Hacker News new | past | comments | ask | show | jobs | submit login

We sure expected that generating idiomatic C code was important, and this informed a lot of early design choices in our toolchain. We were surprised, however, by how closely Mozilla reviewed and manually inspected the generated C code.

Yes, yes, yes! Just because one is automatically generating/translating code, that doesn't mean it can't be pretty! When automatically translating code, the matching engine needs to be done with the full syntactic expressiveness of the source language, and what is matched and translated need to be idioms in each language! (As opposed to fine-grained syntactic elements. When the translation is done below the level of idioms, what results is non-idiomatic. It sounds pretty obvious when put like that.)




When compiling one language to another, or to assembly, or just straight to object code, the most important things are that a) you produce interfaces (APIs / ABIs) that are easy to use, b) you generate good code.

No one is going to demand that GHC generate readable assembly. Why should they demand that GHC generate readable C if it were generating C instead of assembly?


> Why should they demand that GHC generate readable C if it were generating C instead of assembly?

Debugging in programs that are mixed C and other code. If you're in the middle of debugging Firefox (or any composed system) and start stepping through unstructured gobbledegook, you'll end up cursing the people who did this to you.

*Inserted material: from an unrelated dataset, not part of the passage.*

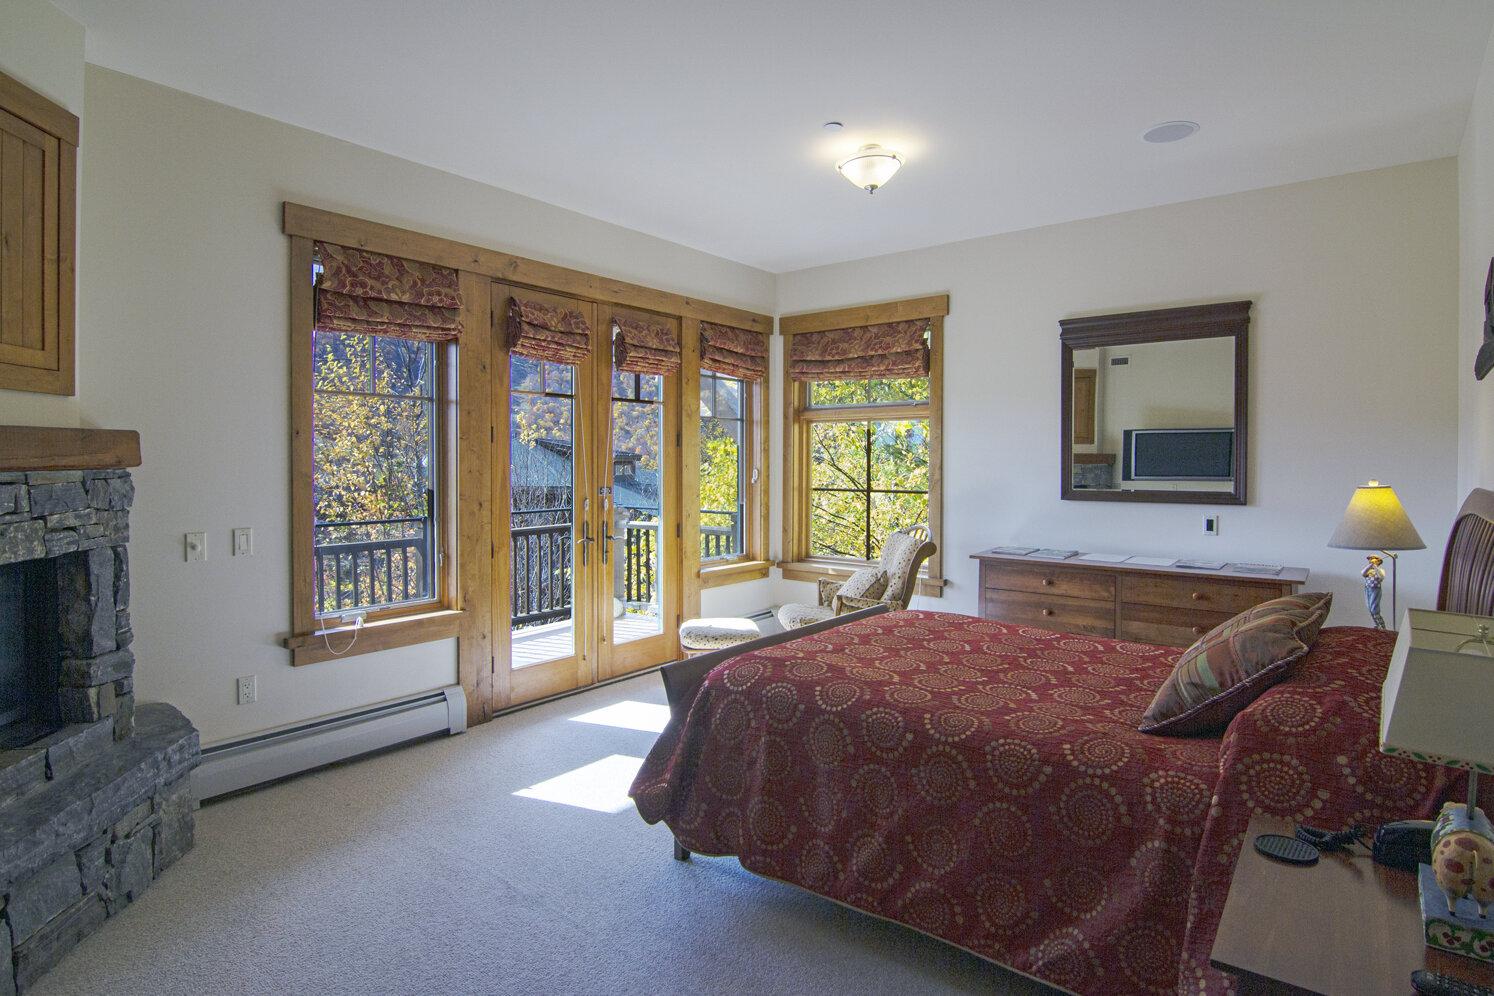 10-2019-10-15 IMG_5262 2nd Master Bedroom_DxOVP.jpg

This becomes less of an issue if/when the non-C language becomes so ubiquitous that there is proper debugging support for it (viz Python or C++ support in gdb), but as long as a bug may be triggered, propagated or otherwise be interacted from the non-C side, you want that code easily readable.


I remember a friends cracked out rant after a 48 hour all hands debugging binge to find a bug deep inside auto-generated JavaScript and HTML. They were using unicode text strings to tie the gobbledegook back to the source inputs and then trying to reason about what the code was supposed to do.

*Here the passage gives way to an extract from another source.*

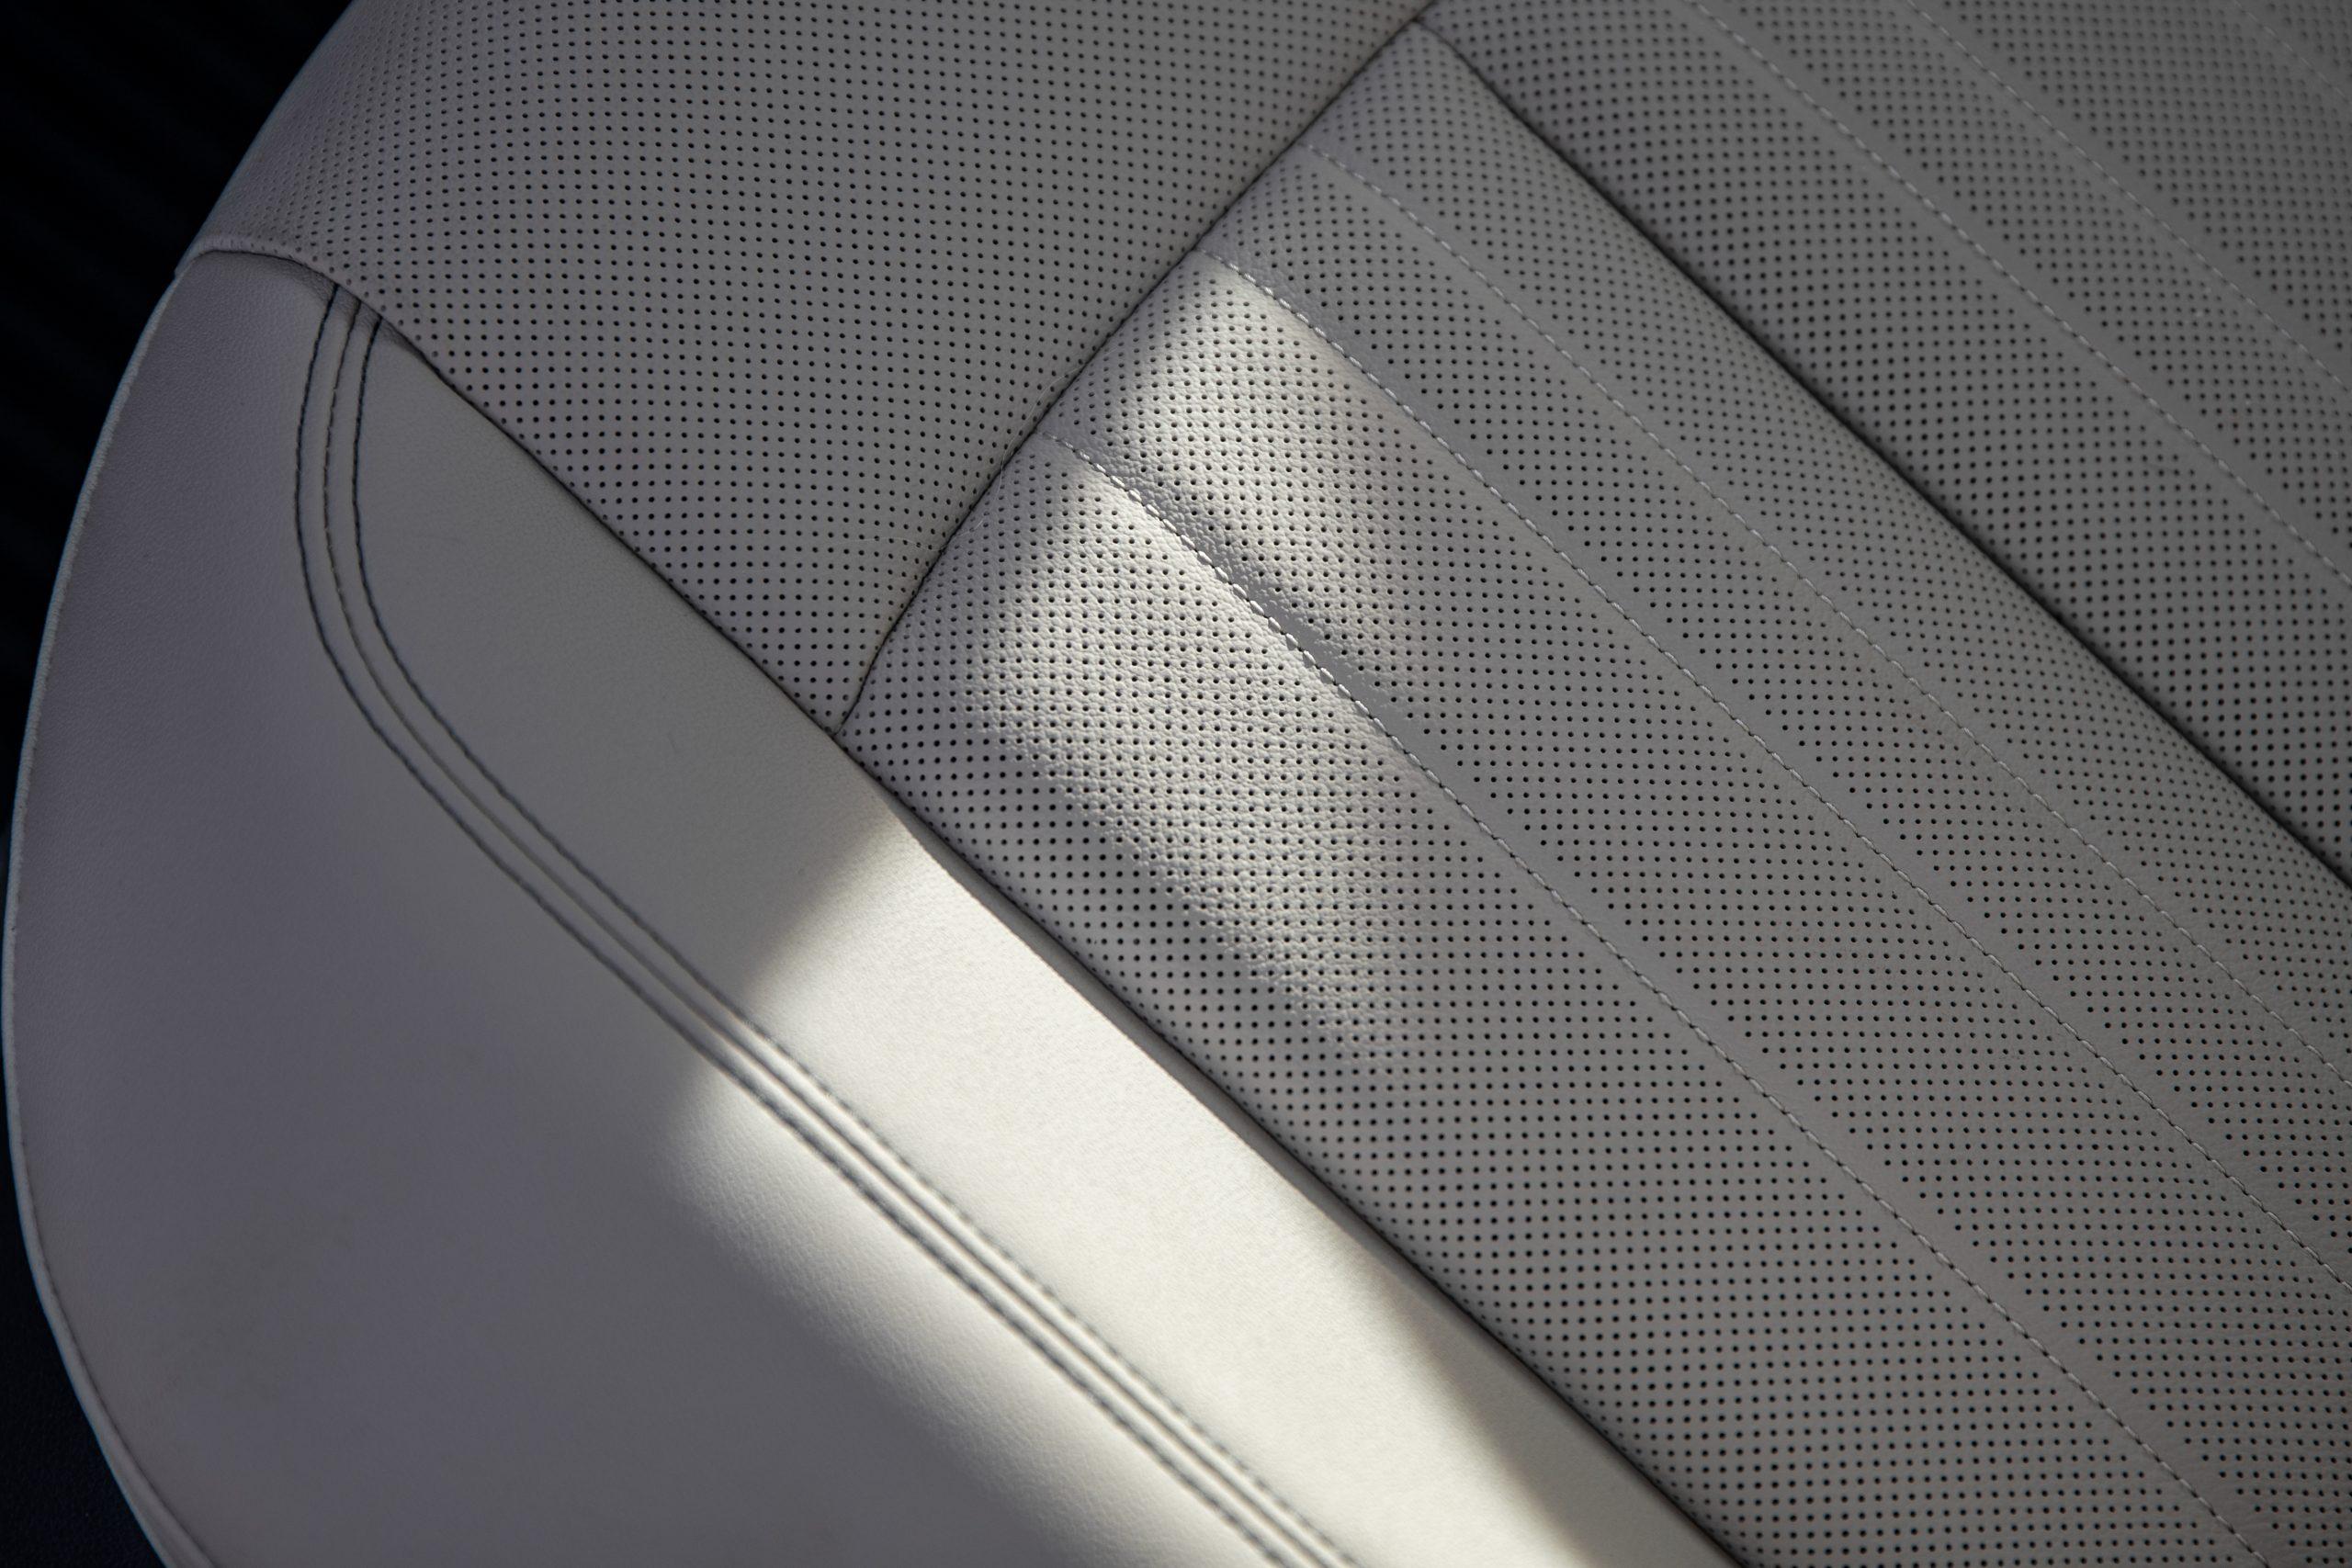 2020 Audi A6 allroad seat details

Comparison debugging mixed C source and assembly in a debugger is trivial.


Because the generated C is expected to be integrated into the project as source code: "Along the way, we learned what it takes to deliver quality C code that can be taken seriously and integrated into an actual source tree."

The code they generate is supposed to live on as source code, along with other code in the project. We should expect people to read and try to reason about code that exists in source control.


For code generators whose output you must or are expected to tinker with, I completely agree.

For compilers, however, I do not. For example, one codebase I help maintain is Heimdal, and it has its own ASN.1 compiler that generates C (and also something of an interpreted bytecode, as an option), and it's output is not even properly indented -- nobody minds because it works, and on the rare occasion I have to inspect that code, I use tools like VIM or clang to format it.


It isn't just tinkering that means the C must be readable. People need to be able to read it and understand what it does without learning F*.


It doesn't matter if the C code you are generating only gets seen by the C compiler. It does matter if humans need to see the generated C code, understand it and debug it.

This happened to me at work too. A large majority of the codebase is manually written C, but some of that is too tedious/error-prone to be written so they are generated. We invested a great deal of effort to generate extremely readable code, even with comments and all. The reason is that other people need to read this C code—both interface and implementation—as they work.

Speaking of GHC, the Haskell ecosystem actually has great tools to generate readable code. The various Wadler/Leijen libraries like ansi-wl-pprint make it a breeze to generate readable code. Indeed not many other languages have so many good, if a bit idiosyncratic, libraries to choose from just for pretty printing!


Debugging and profiling tools, which understand C. You don’t want a mess of auto generated function names showing up at the top or your profile. It’s better if the code generator produces something roughly human readable.

Also, crash reports produce stack traces. I’m positive that Microsoft and Mozilla are both heavy users of automated crash reports.

Abstractions are leaky. There are many tools for debugging assembly as well.


I've been playing around with nimlang...it compiles to C. It does create long identifiers, and consecutive ones too. Haven't had to, but running it in a C debugger would be madness.

Identifiers like:

TM_iLzrQjTMtHjOSlNDU8lfsw_2

TM_iLzrQjTMtHjOSlNDU8lfsw_3


You should check out Nim's gdb support. It will demangle these identifiers for you.


I would prefer generated C be readable because it’s quite likely I will need to step through it with a debugger.


At least in the web development world we have sourcemaps for that, html/css/js can all be inspected and debugged in their original form.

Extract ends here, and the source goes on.